Source data:

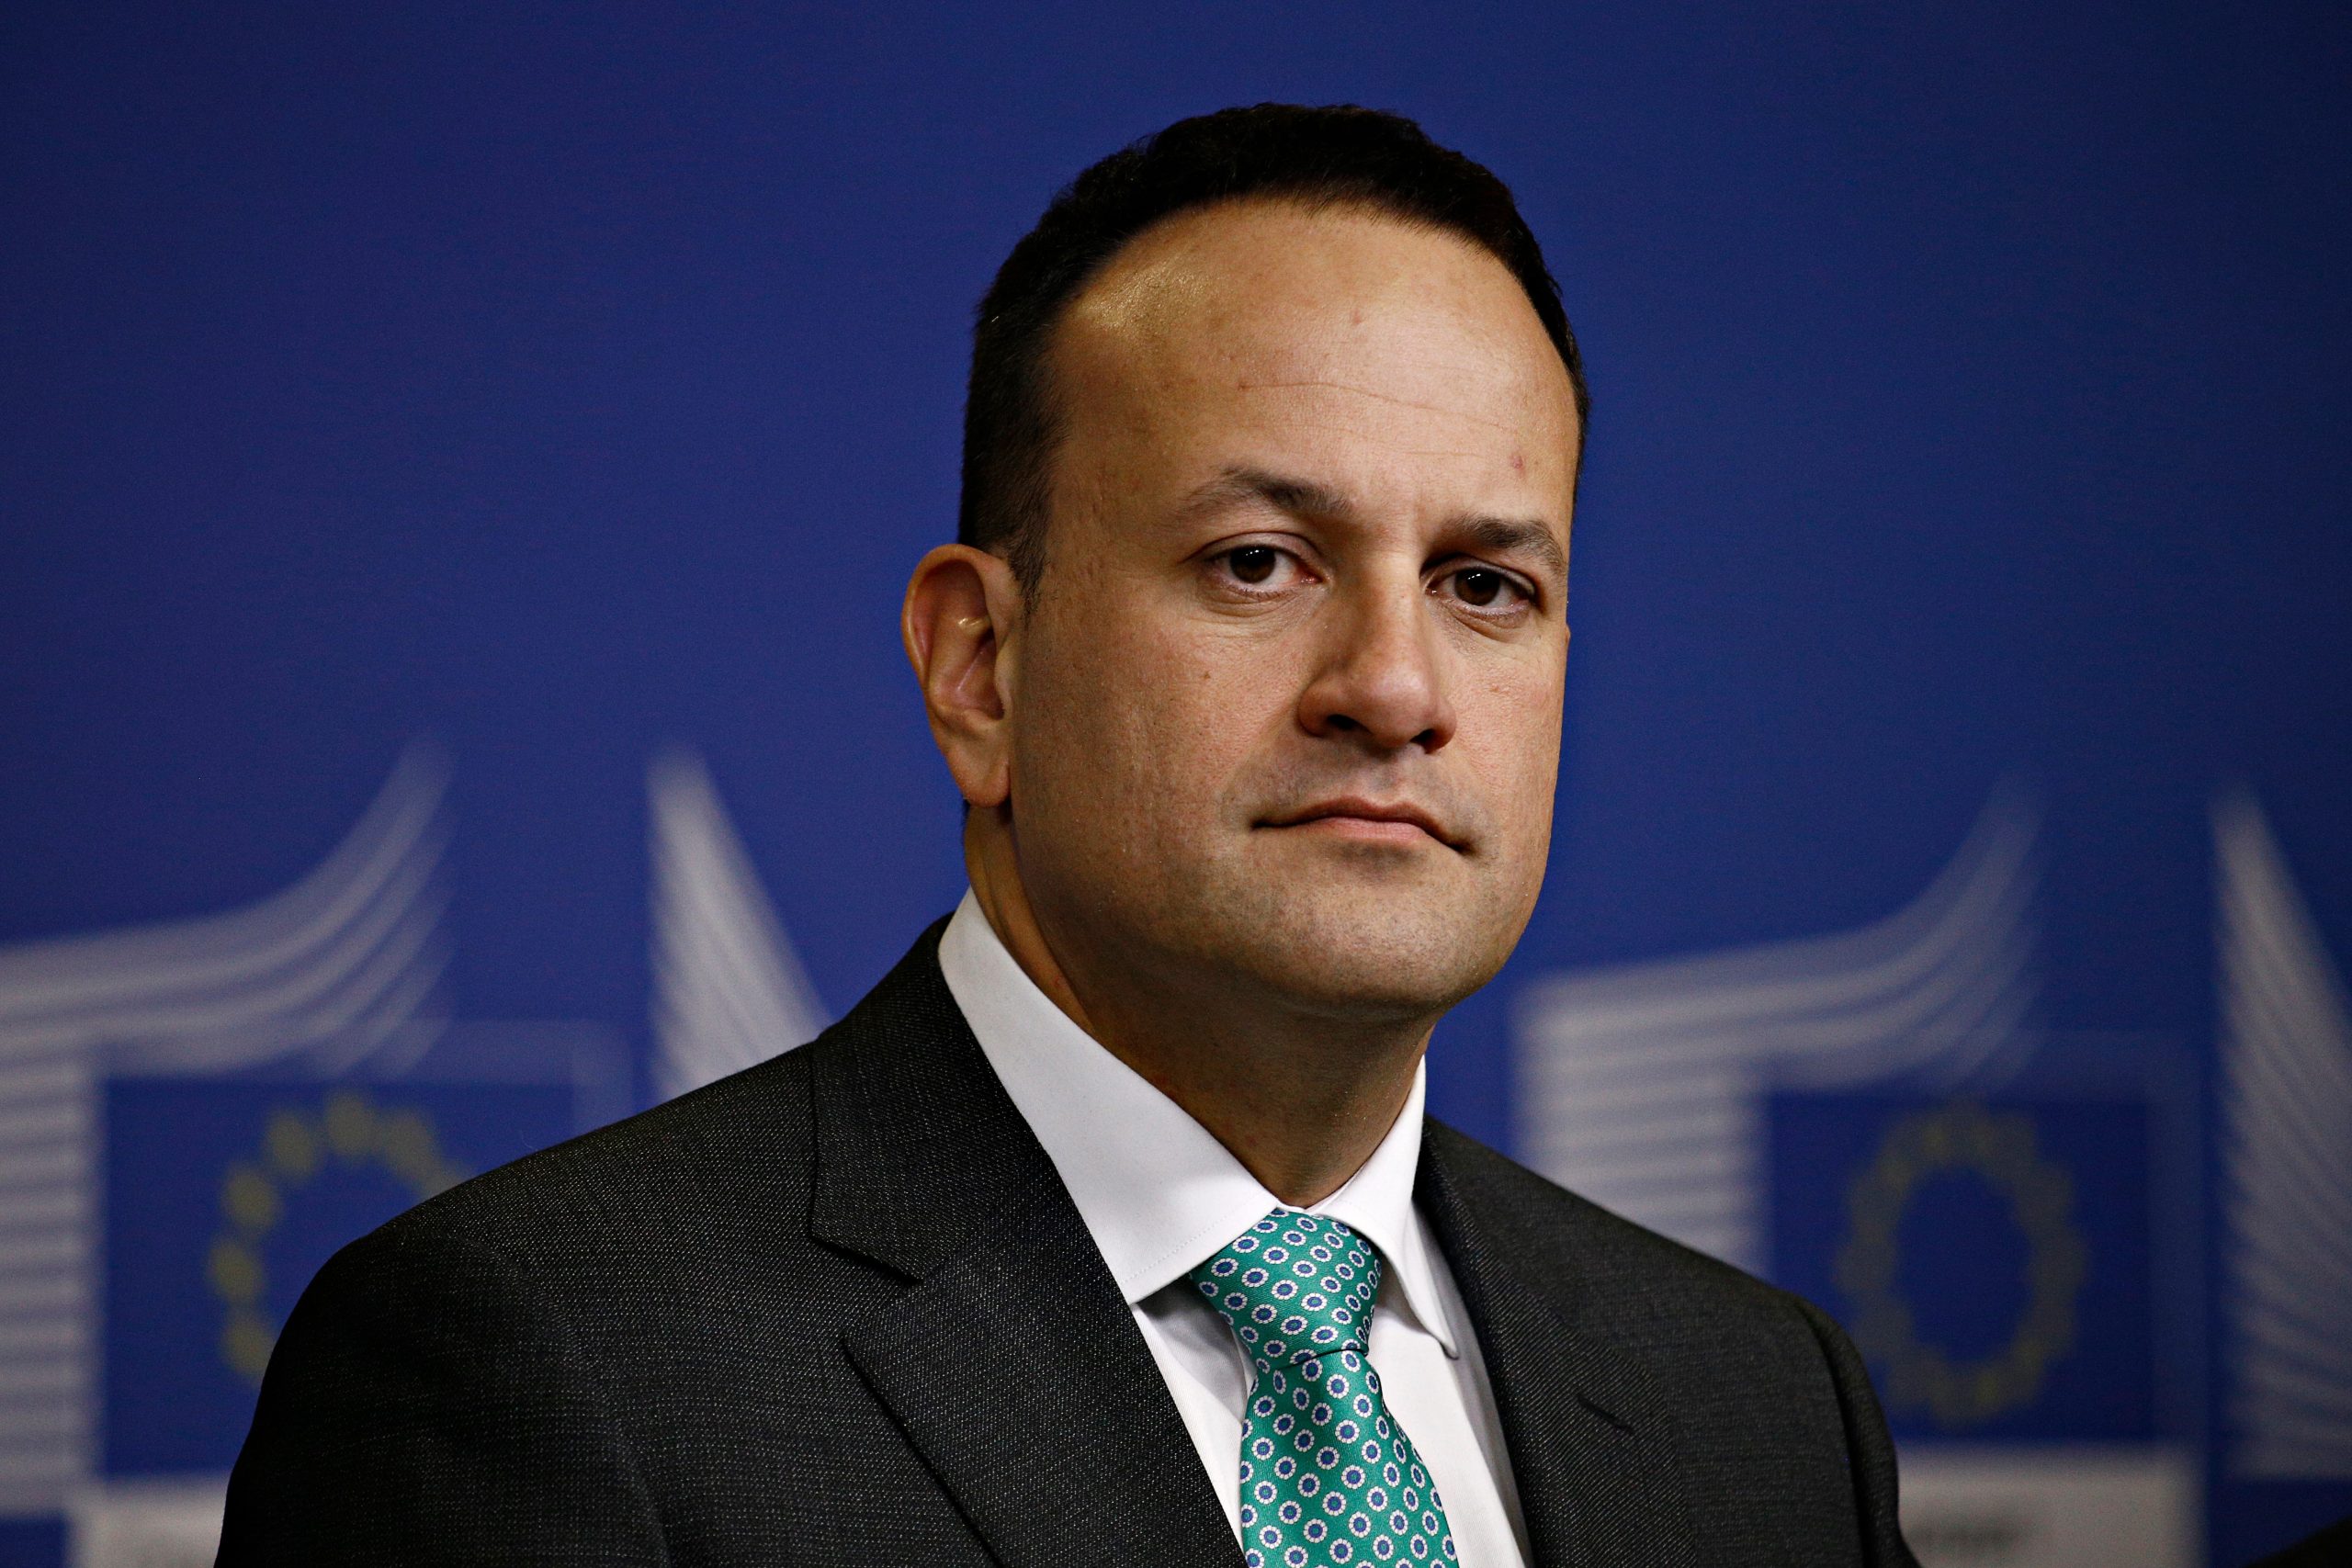 Meet with retail employers to understand our concerns about costs: RGDATA challenges Taoiseach
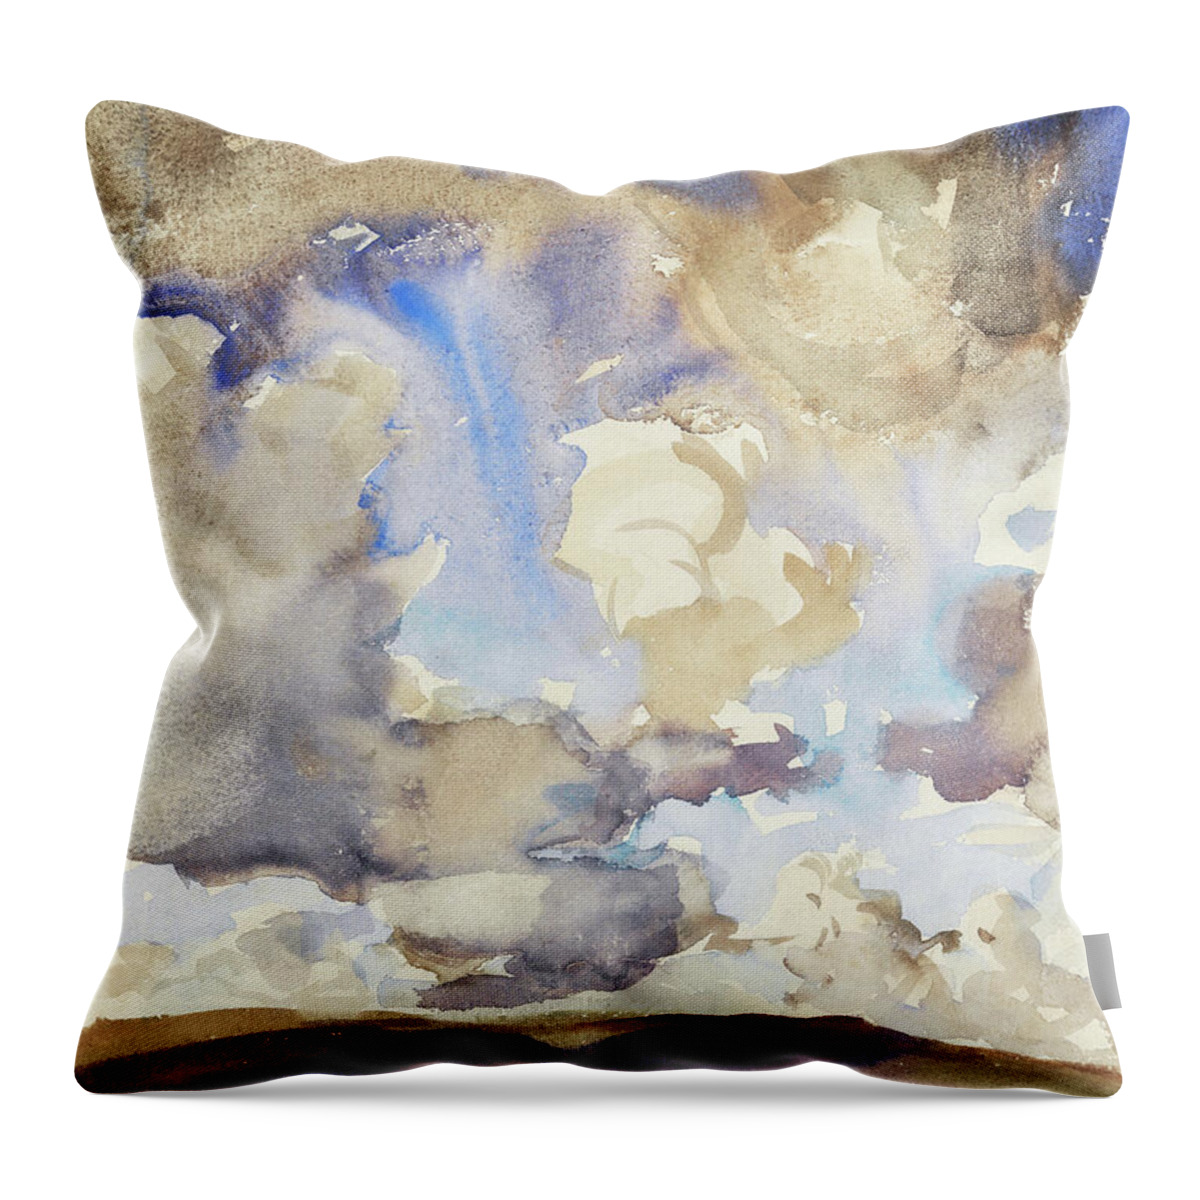 Clouds Throw Pillow featuring the painting Clouds by John Singer Sargent
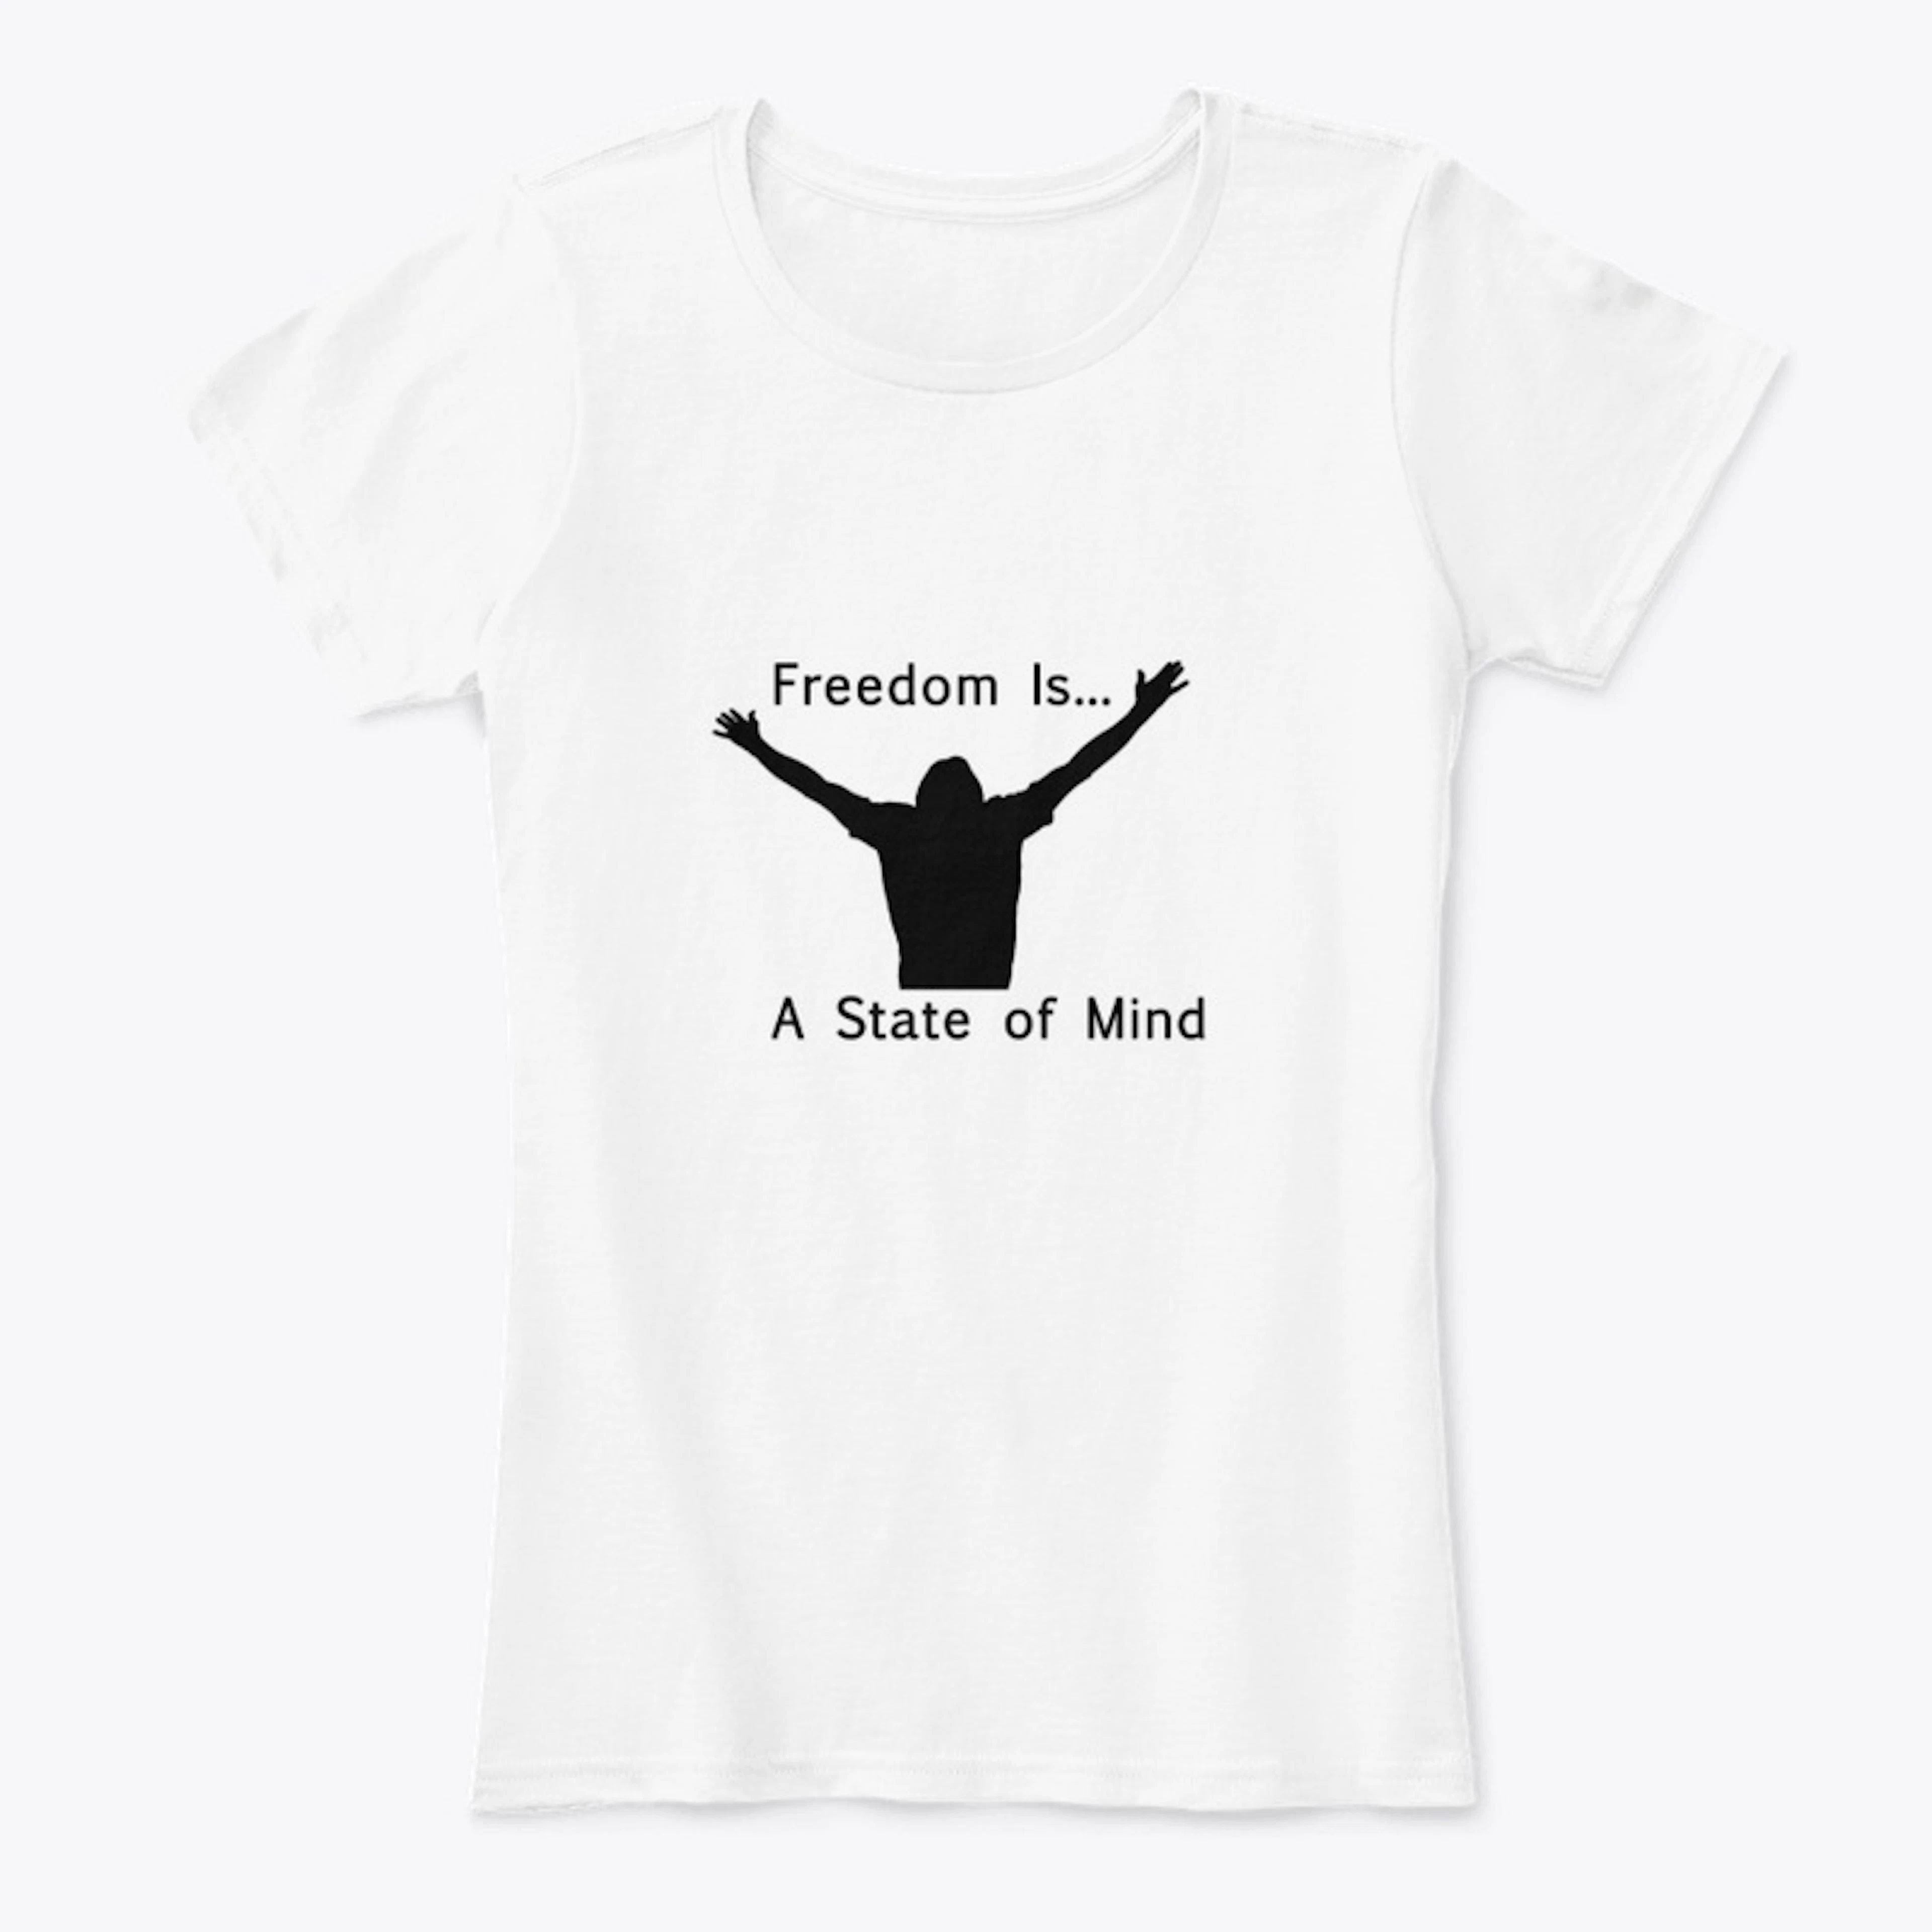 Freedom Is... A State of Mind

Exercise brief: Lines from the one holding "Clouds Throw Pillow" to the end of the data, both ends included, are to be given again exactly; no pictures belong in the copy.

Task solution:
 Clouds Throw Pillow featuring the painting Clouds by John Singer Sargent
 Freedom Is... A State of Mind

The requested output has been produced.